We export clean, ready to use files.

We export:
1. A CSV and JSON version of the aggregated table
2. A CSV and JSON version of the long table


In [None]:
from pathlib import Path
out_dir = Path("site_data")
out_dir.mkdir(exist_ok=True)

# Keep only columns that the website needs (safe subset)
agg_cols = [
    "year","gender","skater","nation","final_rank","medal",
    "tes_sp","pcs_sp","tss_sp",
    "tes_fs","pcs_fs","tss_fs",
    "tes_total","pcs_total","tss_total","tech_dominance"
]
agg_cols_present = [c for c in agg_cols if c in df_agg.columns]
agg_out = df_agg[agg_cols_present].copy()

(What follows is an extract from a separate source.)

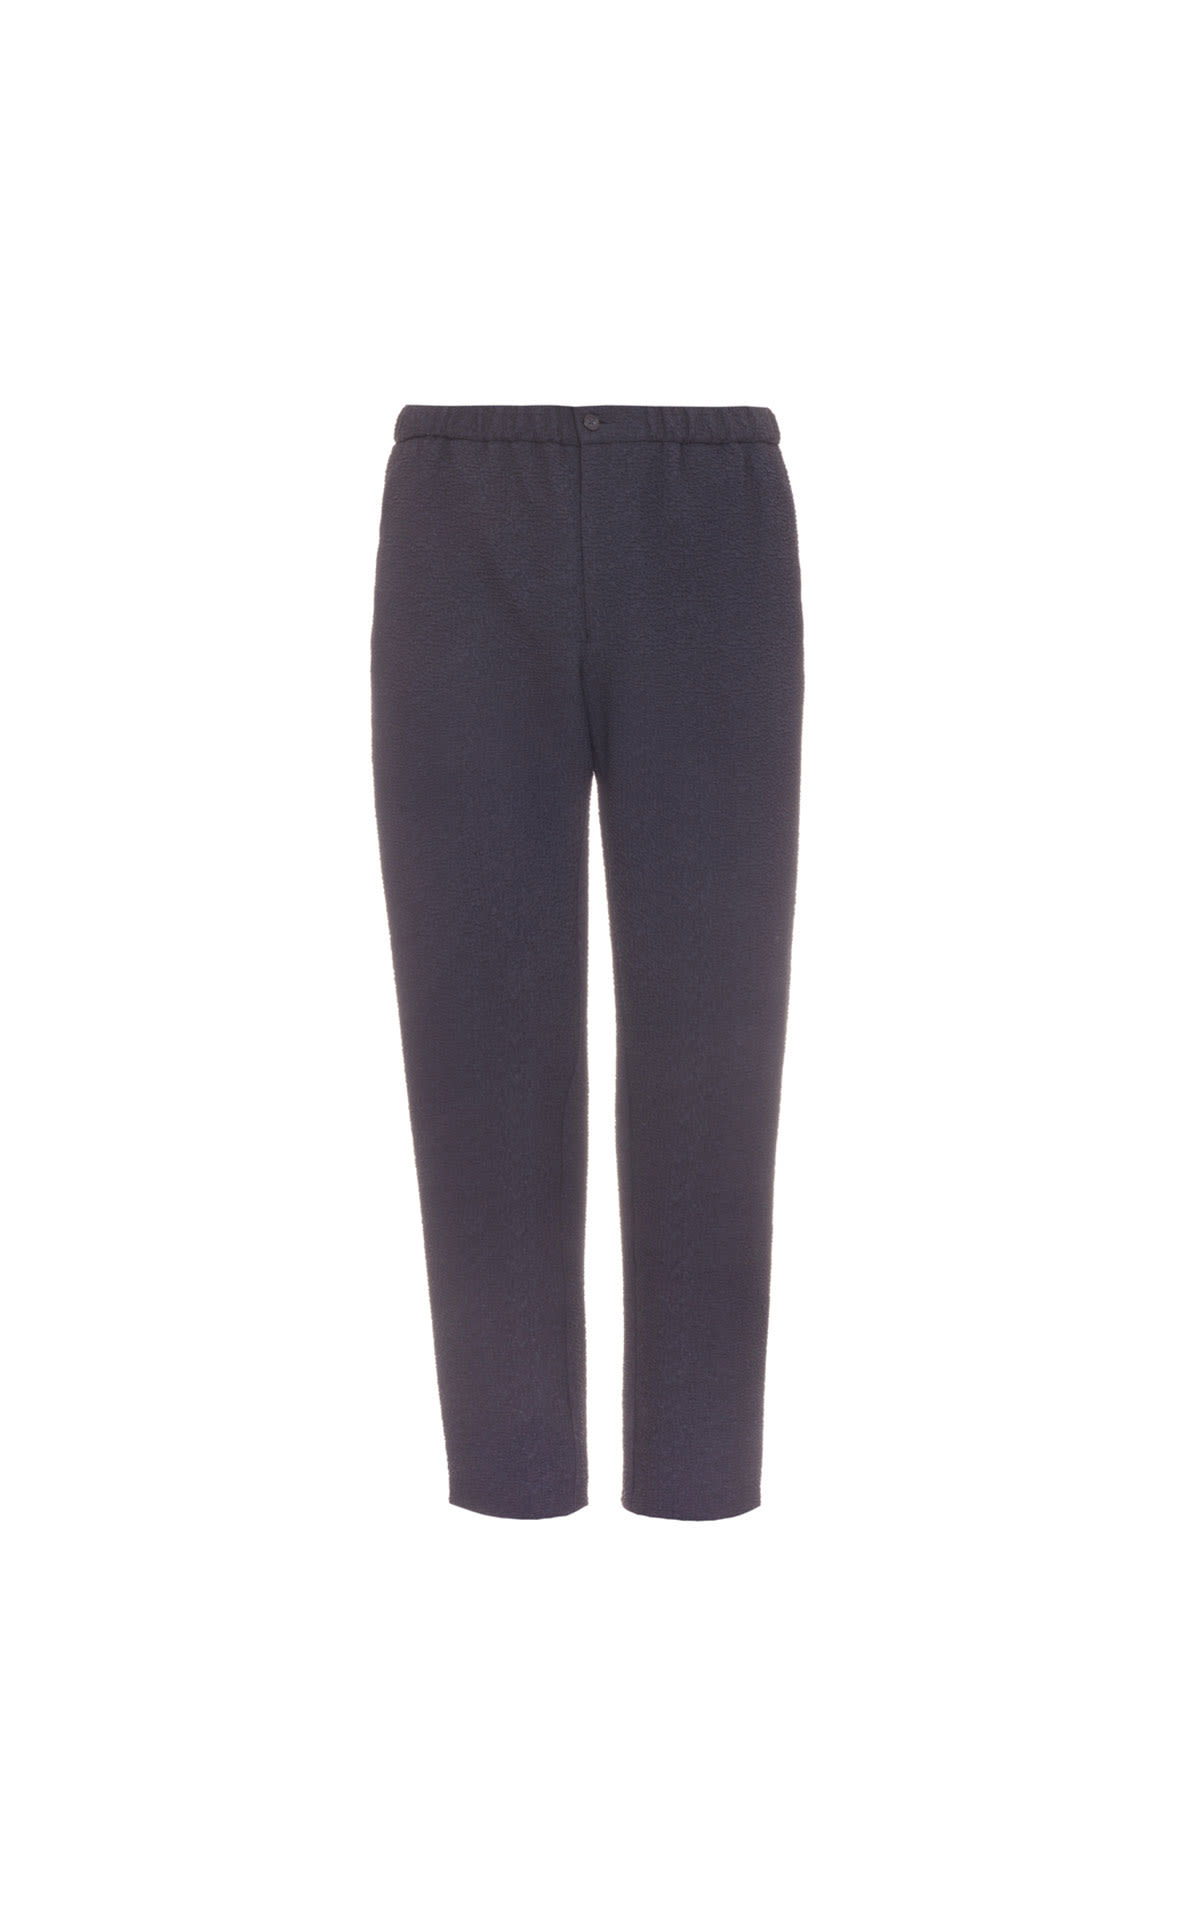 Armani Textured trouser from Bicester Village

long_cols = ["year","gender","segment","skater","nation","rank_segment","tes","pcs","tss","deductions"]
long_cols_present = [c for c in long_cols if c in df_long.columns]
long_out = df_long[long_cols_present].copy()

agg_csv = out_dir / "olympics_singles_agg.csv"
agg_json = out_dir / "olympics_singles_agg.json"
long_csv = out_dir / "olympics_singles_long.csv"
long_json = out_dir / "olympics_singles_long.json"

agg_out.to_csv(agg_csv, index=False)
agg_out.to_json(agg_json, orient="records")

long_out.to_csv(long_csv, index=False)
long_out.to_json(long_json, orient="records")

print("Exported files:")
print(str(agg_csv))
print(str(agg_json))
print(str(long_csv))
print(str(long_json))


## Next step

Now that the dataset is exported, the interactive mini website can be built as a simple static page.

The website will read these exported files and render:
1. The hero Art vs Tech scatter with filters for year and gender
2. The tech dominance trend line
3. The medal recipe chart
4. The gold vs silver gap chart

When you are ready, we will build the website using HTML, CSS, and JS with Plotly.